Mexican candidates jockey for the female vote

Presidential candidates in the upcoming Mexican election appeal to the single-mother vote.

Published June 23, 2006 8:15PM (EDT)

The upcoming July 2 Mexican presidential election has many female voters feeling particularly bipartisan, according to an article today in Women's eNews. For the many women who have seen their husbands and sons move to the U.S. in search of work to support themselves and their families, the ideal candidate is whoever can deliver homegrown jobs.

"The majority of men are in the United States because there are no sources of work here," Graciela Arciniega, a worker for the electoral institute in El Bothe, told eNews. "I've been knocking on doors to find voters and they're all women." In fact, women make up 51.8 percent of the Mexican electorate; there are 37 million women registered to vote, compared with 34.4 million men, according to Mexico's Federal Electoral Institute. And the candidates are all angling for the female vote, often through promises of a strengthened job market. But, as is often the case, the problem is in identifying the candidate who will actually deliver: "If I knew it for a certainty, I'd vote for [that candidate]," Maria de la Luz Garcia told eNews. "But which one is it? And how would he do it? And where is he?"

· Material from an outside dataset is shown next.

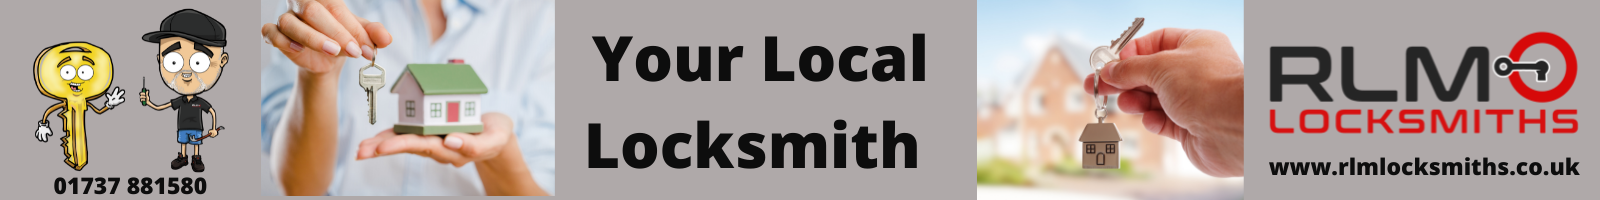 RLM Local Surrey Locksmiths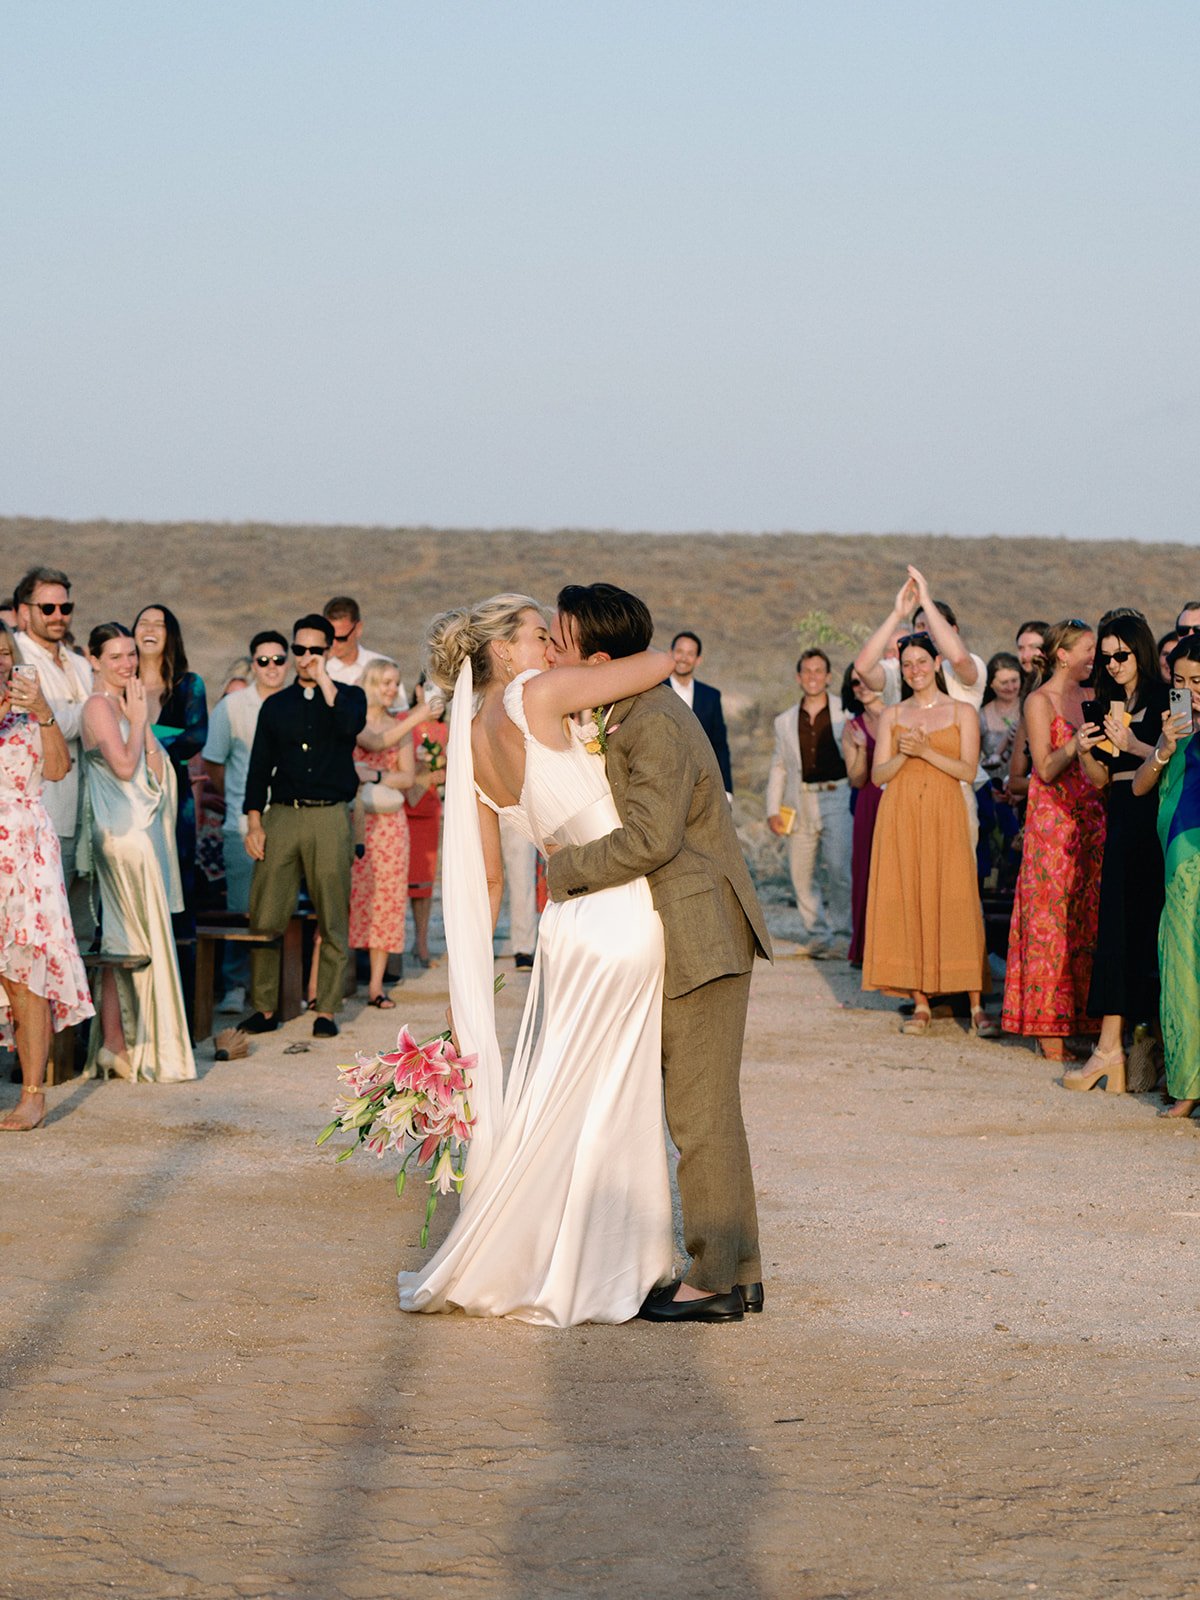 Best-Todos-Santos-Wedding-Photographer-Baja-El Mirador-La Bohemia-35mm-Film-Austin-Mexico-141.jpg

The major candidates are also all jockeying for the single-mother vote with promises of some sort of governmental assistance. Andres Manuel Lopez Obrador -- running for the leftist Party of the Democratic Revolution -- has promised to provide pensions for single mothers; Felipe Calderon, of the conservative National Action Party, vowed "to support single mothers, who have a double or triple burden of responsibility"; and Roberto Madrazo, of the Institutional Revolutionary Party, said he would offer job fellowships and improved salaries for single mothers.

Pollsters aren't focusing on how gender will impact the election, says Women's eNews, but if the candidates' focus on attracting female voters is any indication, it should be significant.